The word “Mechanics” used in the
term “Quantum Mechanics” indicates a machine like predictable, buildable,
knowable thing. The Quantum Universe in which we live, whether we want to
accept it or not, may seem on the surface to be mechanical and linear but it is
not. It is probably better described as an infinite multitude of possible
linear actions. If we must give this still mystical process a name lets call it
“Quantum Ecology” rather than “Quantum Mechanics” because it is built from
within it’s self. Everything comes out of the invisible in the same way as any
living organism does.
In quantum mechanics all particles
of matter and energy can also be described as waves. And waves have an unusual
property: An infinite number of them can exist in the same location. If time
and space are one day shown to consist of quanta, the quanta could all exist
piled together in a single dimensionless point.
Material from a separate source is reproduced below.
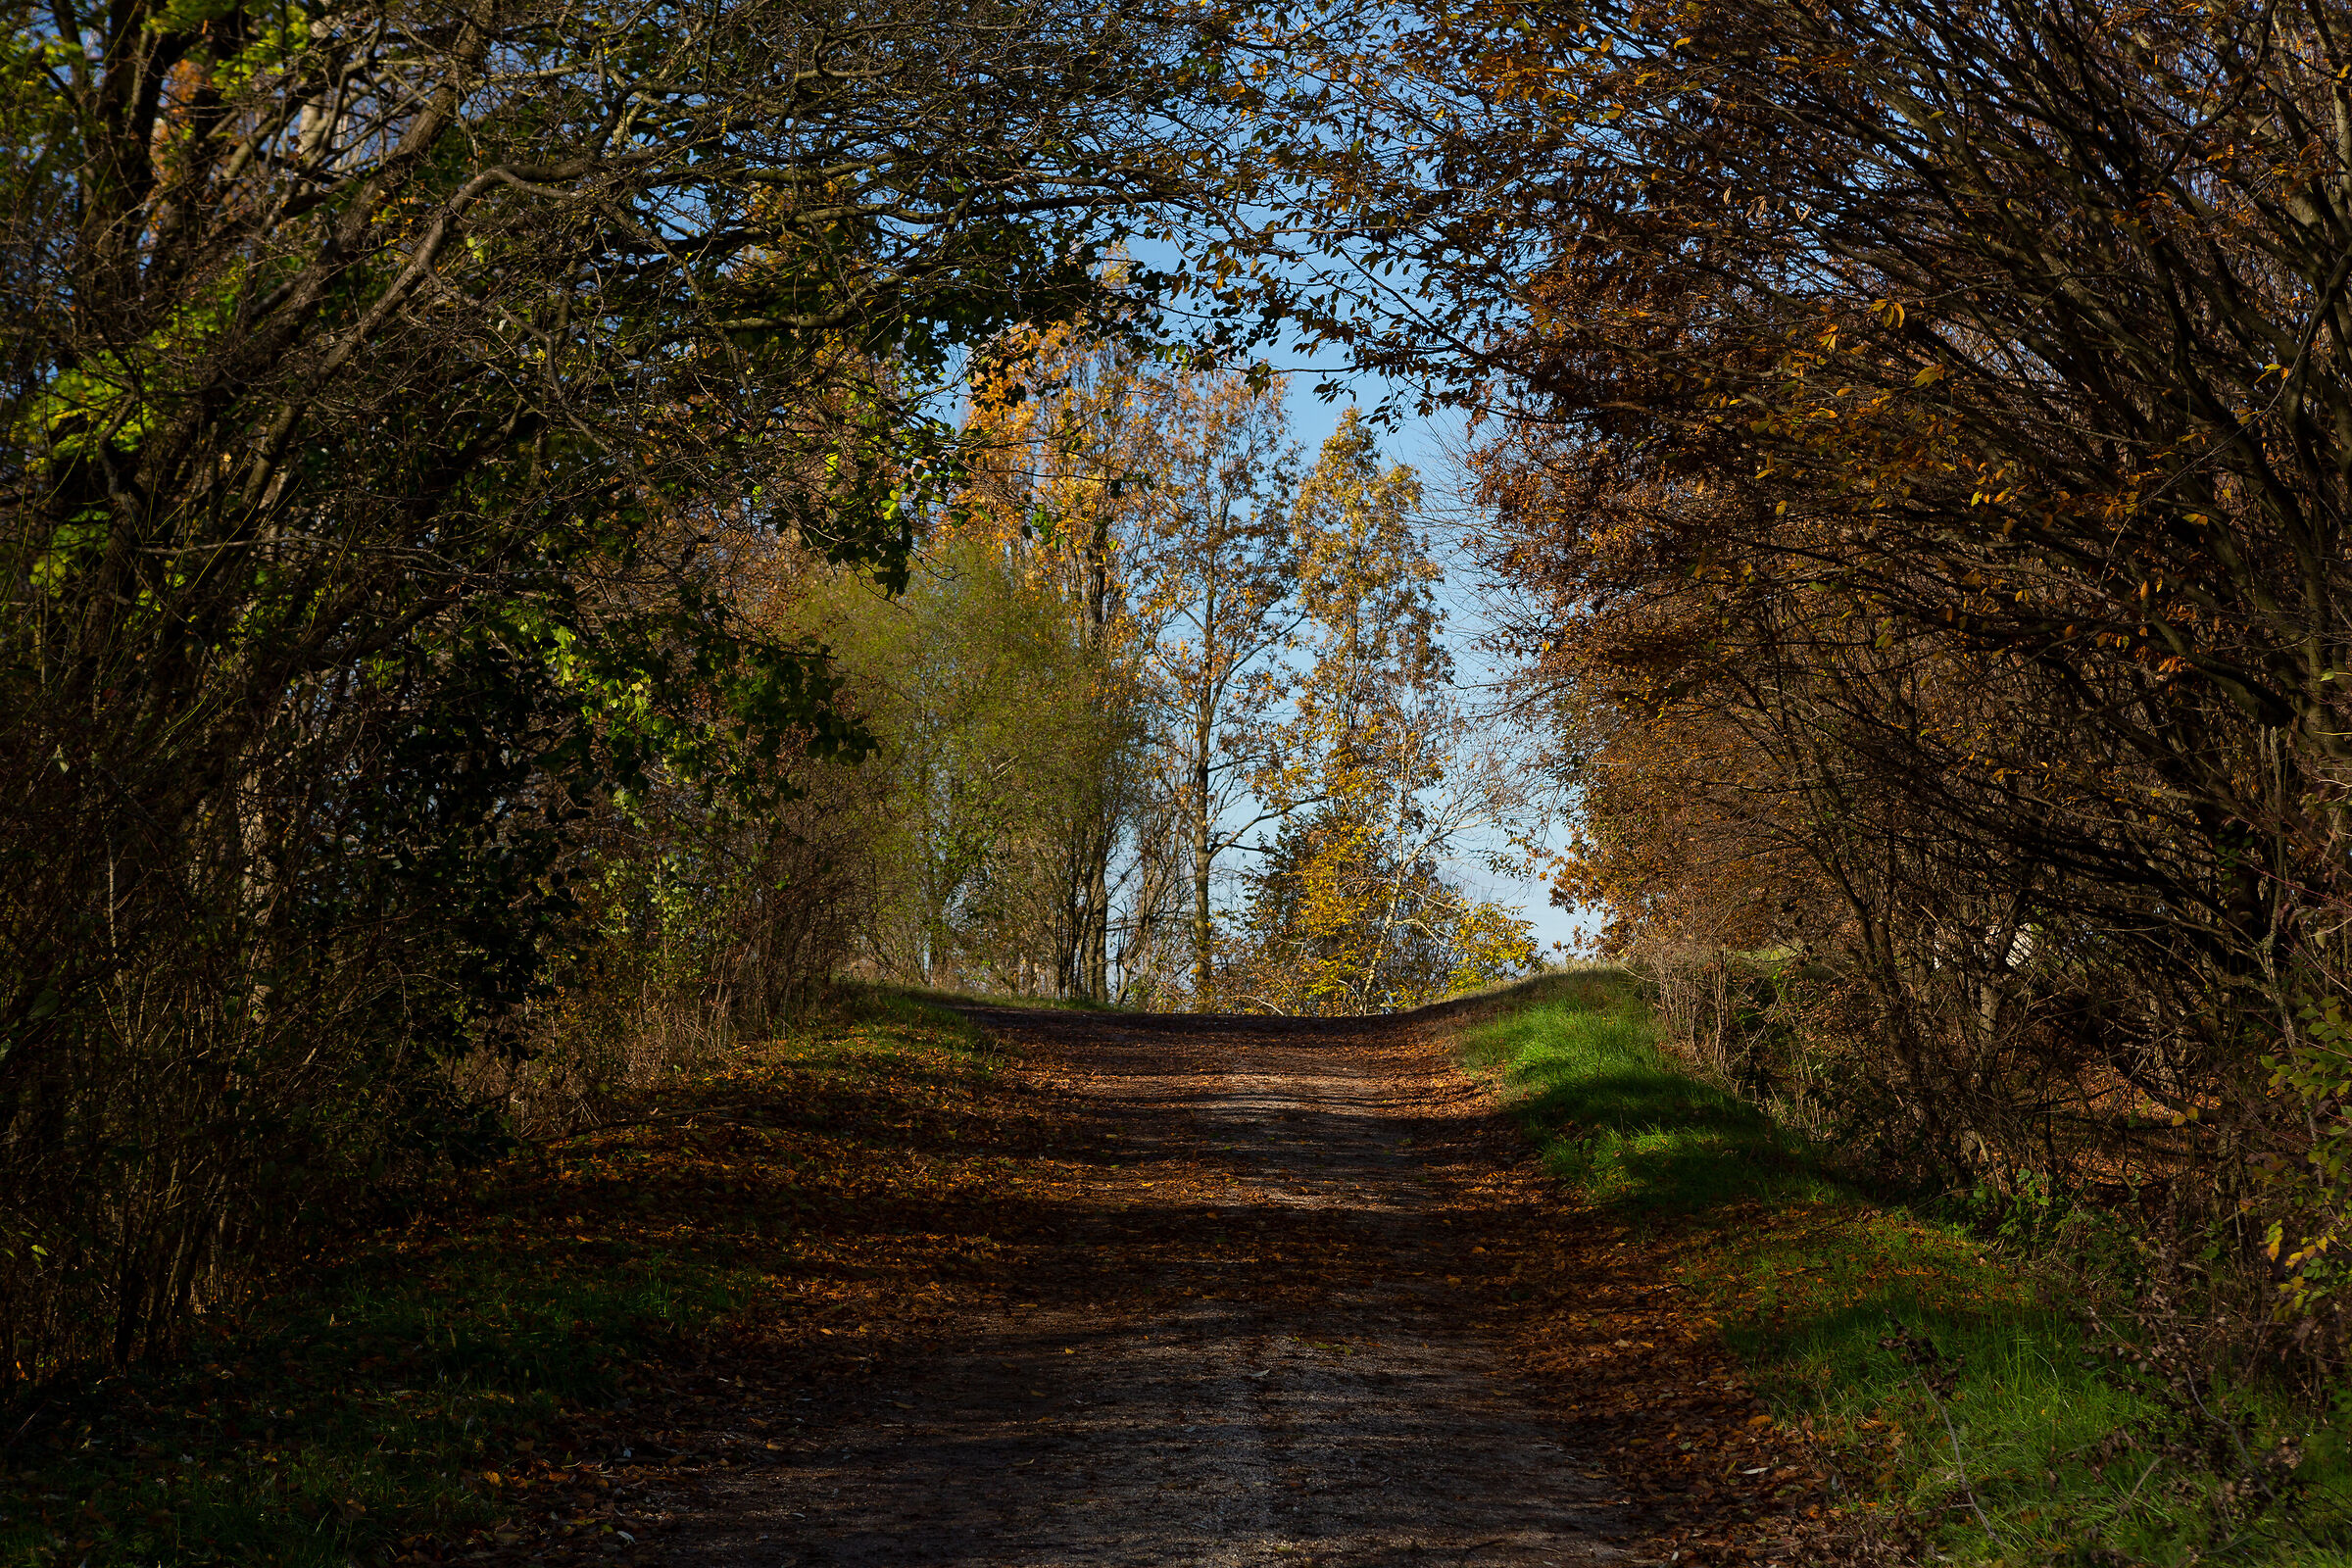 A gateway to autumn...

The current predominant world
paradigm is that if a thing can not be explained, detailed, analysed and
documented by linear scientific thought processes then it’s mumbo jumbo. If you
have a spiritual explanation for human existence then your crazy, you’re in
dream land. The scientific mindset says everything in the universe must be
capable of explanation either now or at some point in the future by scientific
analytic methods alone. Science says “In the absence of scientific proof it’s
not worth the time discussing. If it can not be put in a box with a label then
forget it. Go figure out what box you can put it in, label it, then come back
to us and we’ll see if we agree”. Can you see the limitations that this puts on
human development?
Quantum particle behavior can not be explained in terms of science alone, that is to say, it can not be explained in terms of the mind because the mind by it’s nature functions on the basis that reality consists of things, things that can be broken down into individual bits of information and explained in a linear mechanical fashion. To realise how flawed this mindset is you must first accept that this is a relative world in which we live and on the conscious level we interact with other human beings and the rest of the universe in a linear fashion. This is the nature of the mind. We must go beyond the mind to access the answers
According to physics, your life is
described by a series of slices of your worm – you as a baby, you as you ate
breakfast this morning, you as you started reading this sentence and so on,
with each slice existing motionless in its respective time. We generate time’s
flow by thinking that the same self that ate breakfast this morning also
started reading this sentence.
So do we really need to mourn time’s
passing? Einstein, for one, drew solace from the view of the timeless universe
he had helped to create, consoling the family of a recently deceased friend:
“Now he has departed from this strange world a little ahead of me. That means
nothing. People like us, who believe in physics, know that the distinction
between past, present and future is only a stubbornly persistent illusion.”